FPGA generates 3X3 image processing matrix through FIFO

In the previous series of articles on median filtering, I have written about the generation method of 3×3 matrix template:

Median filter design based on FPGA—-(3) Matrix template generation module design_verilog image generation 3*3 matrix-CSDN blog

Now it seems that this method is relatively crude and simple. The general processing method is to store an entire image in ROM/RAM in advance, and then take out each point of the 3×3 matrix one by one through addressing. It now seems that there are many shortcomings. For example, when expanding to a 5×5 matrix, the code workload will increase exponentially and it is not suitable for high-speed data stream processing, blah blah blah.

This article is equivalent to checking for leaks and filling in gaps. It introduces a currently mainstream matrix generation method, which uses FIFO sliding to obtain the 3×3 matrix for each pixel of an image.

1. Overall structure and function description

First, let’s take a look at the structure of data processing:

As shown in the figure above, when the external image data Data_In is input, it needs to be stored in FIFO_0. Note that the data is only allowed to be read out when FIFO_0 is full of one row and at the same time the read data is stored in In FIFO_1, the same row of data is allowed to be read only after FIFO_1 is full. The entire operation is like data sliding between FIFOs. Let’s look at the formation of the matrix. The actual first matrix formation requires three beats. The first beat is the input data c7 and the C4 and C4 values read from FIFO_0 and FIFO_1 at the same time. C1, and so on, it takes 3 beats to form a matrix. The special processing of the edges is not considered here. The entire module follows this pipeline method, inputting a single image pixel and then outputting all 3×3 matrices.

It can be seen that two Fifos are required when forming a 3×3 matrix, and by analogy, 4 Fifos are required when forming a 5×5 matrix.

2. Port descriptions and constants

The composition of the port is as follows:

Input signals:The module has 4 input signals. The clock clk and reset srst are both global signals. The external input data Data_In, and the flag signal Data_En that indicates the external input data is valid. Through the data valid signal It can handle discontinuous input data.
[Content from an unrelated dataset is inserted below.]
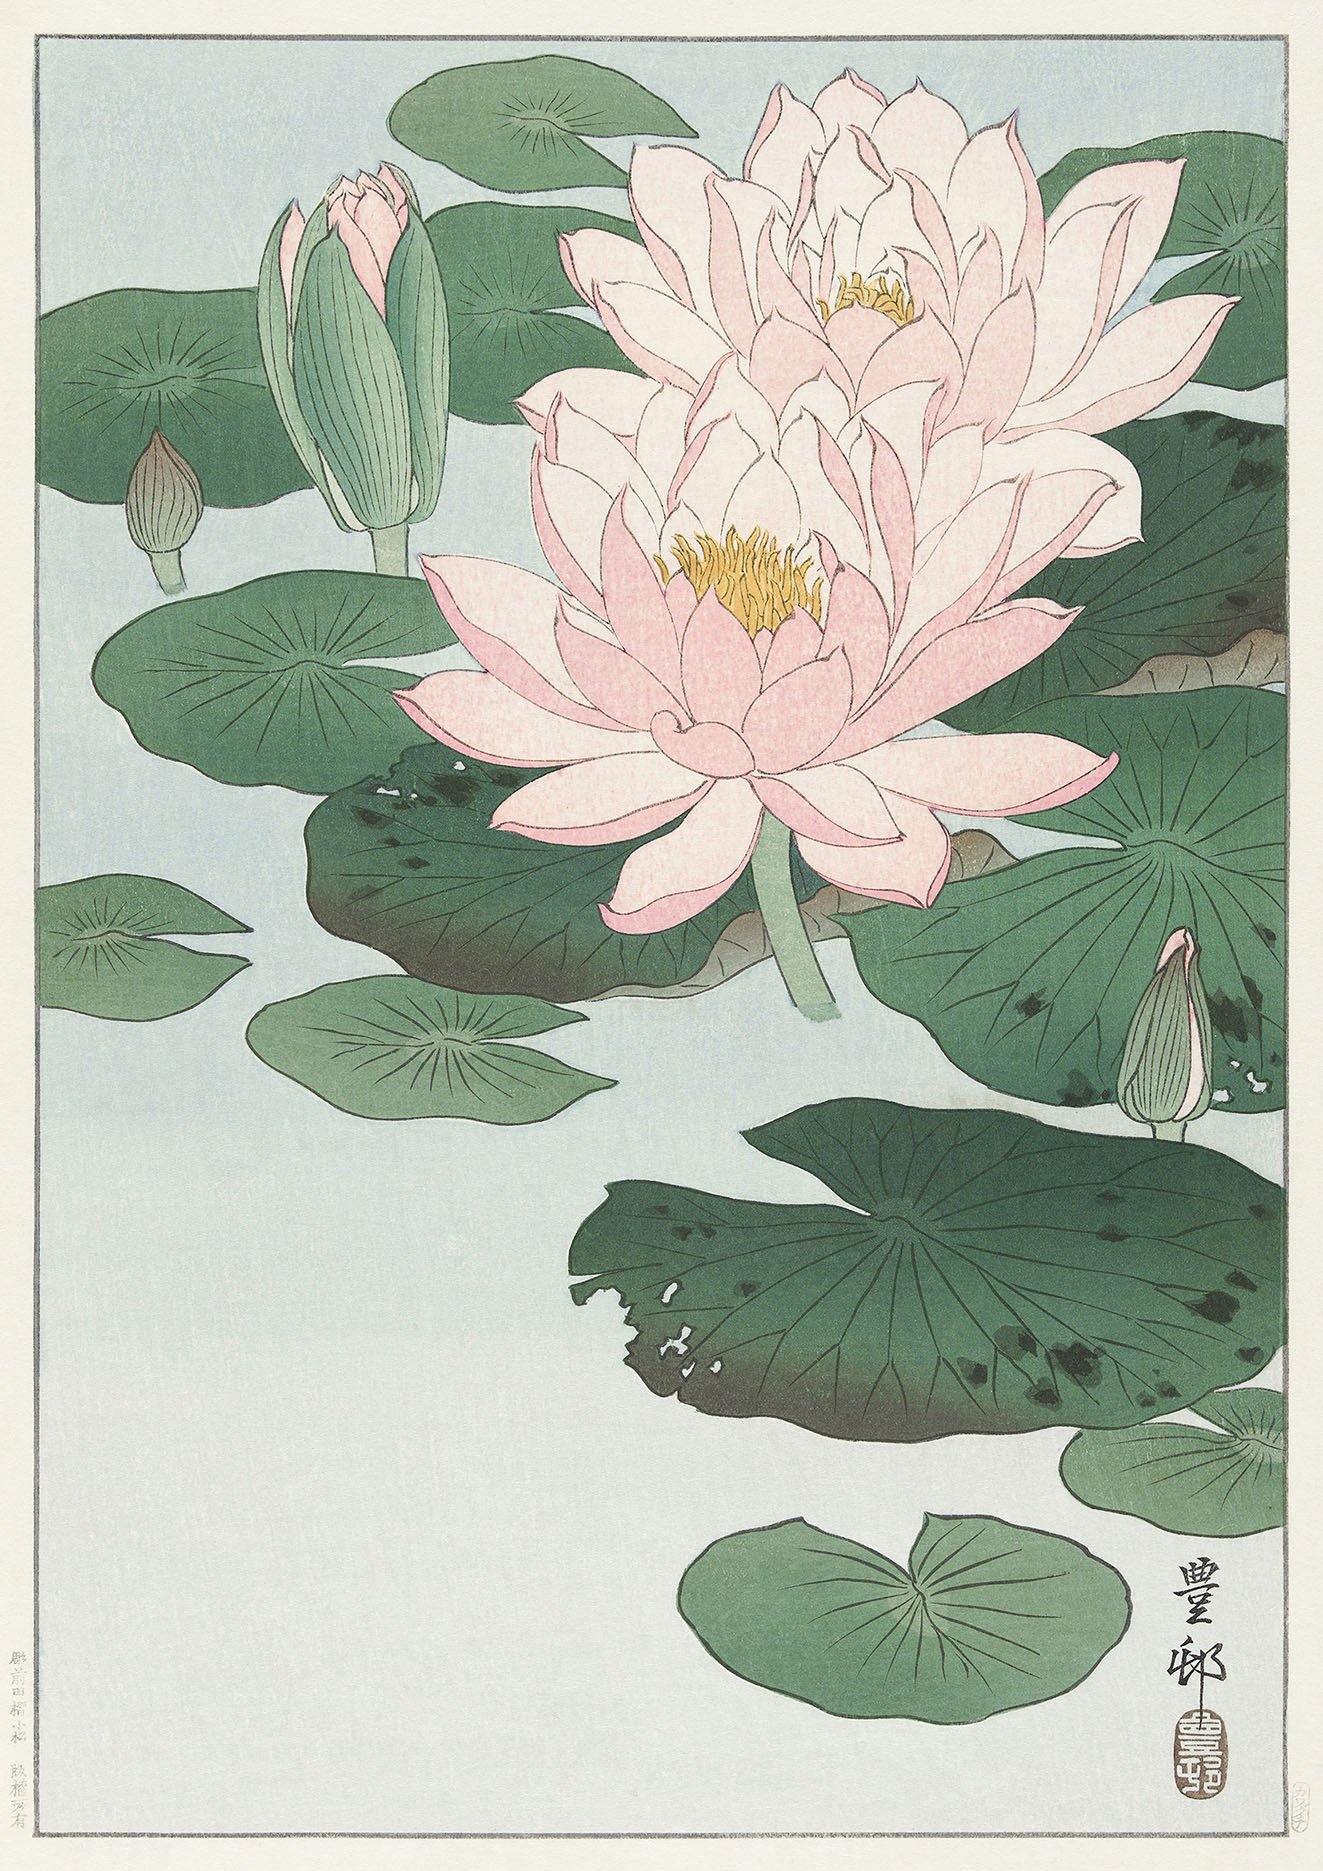 LILY AND LOTUS PRINTS: Japanese Artworks by Ohara Koson - Pimlico Prints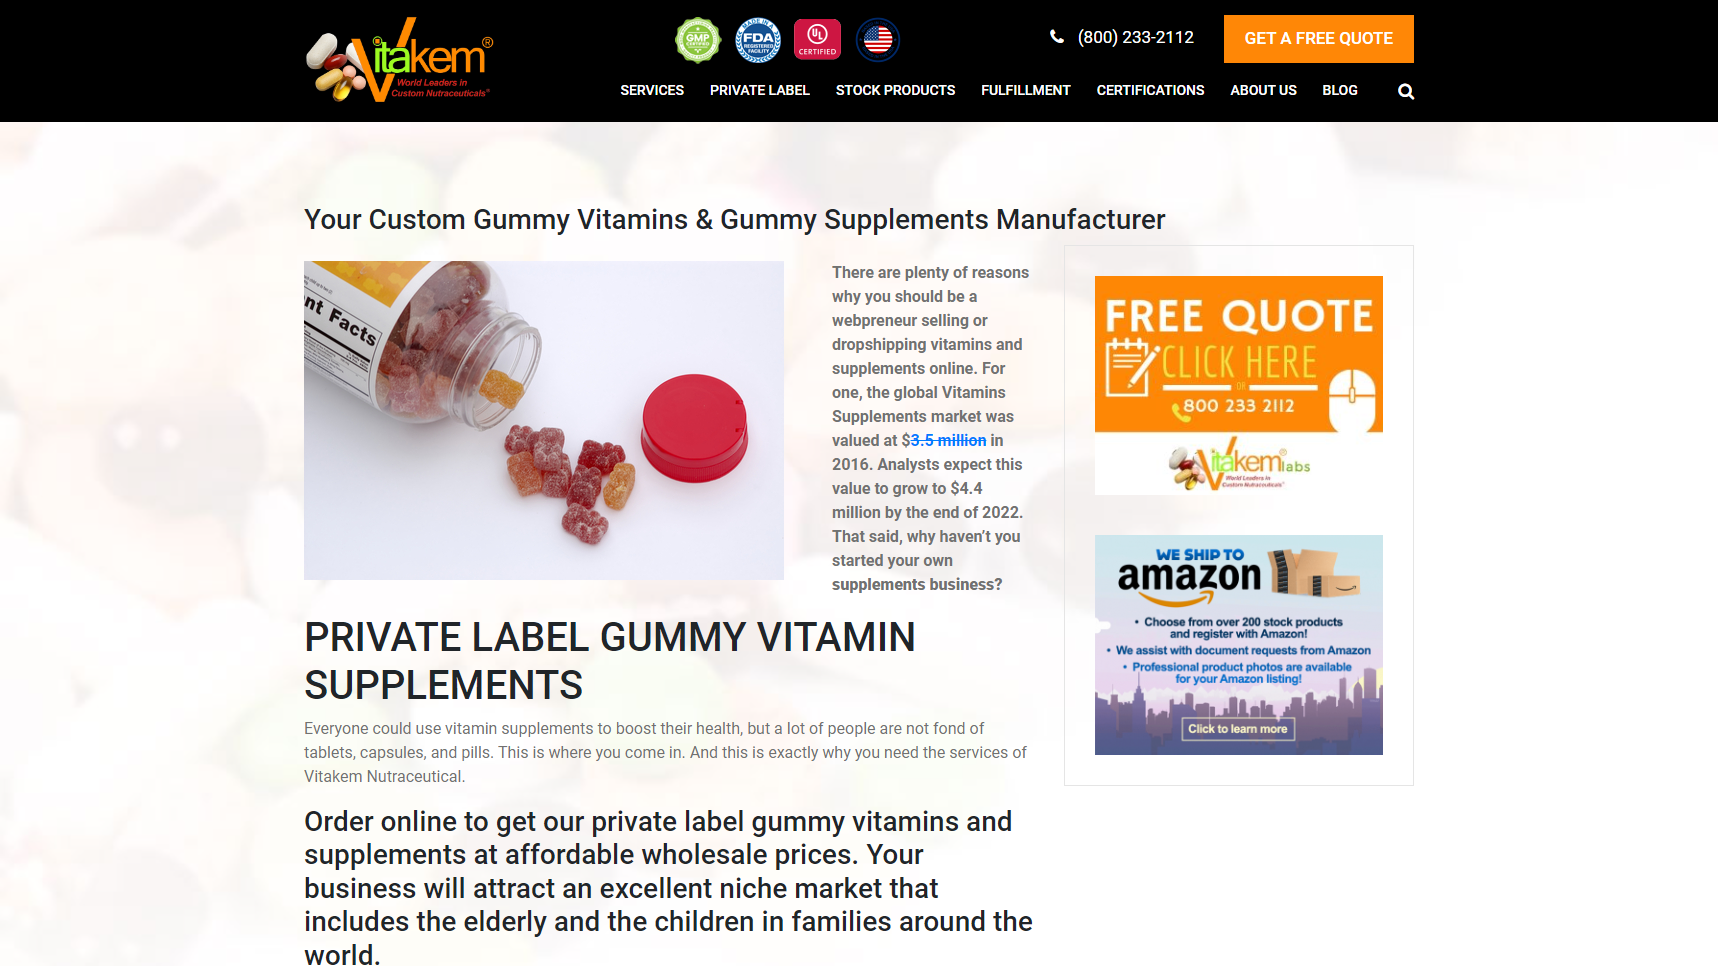 Vitakem - Gummy Vitamin Manufacturer

Output signal: The output port of the module is also relatively simple. They are the output matrix data of c0_0~c2_2 and the output matrix valid signal Mata3x3_data_en, where c1_2 represents the coordinates of the first row, second and second columns of the 3×3 matrix. point.
The actual port and constant design code is as follows:

module Matrix_3x3#(
parameter HS_num = 5 ,
VS_num = 6,
Data_width = 8
)(
inputclk,
input srst,
input Data_En,
input [Data_width-1:0] Data_In ,

output reg Mat3x3_data_en ,
output reg [Data_width-1:0] c0_0,c0_1,c0_2 ,
output reg [Data_width-1:0] c1_0,c1_1,c1_2 ,
output reg [Data_width-1:0] c2_0,c2_1,c2_2

);

The constants are HS_num, which represents the total number of columns in a picture, VS_num, which represents the total number of rows in a picture, and the remaining Data_width, which represents the bit width of the pixel data.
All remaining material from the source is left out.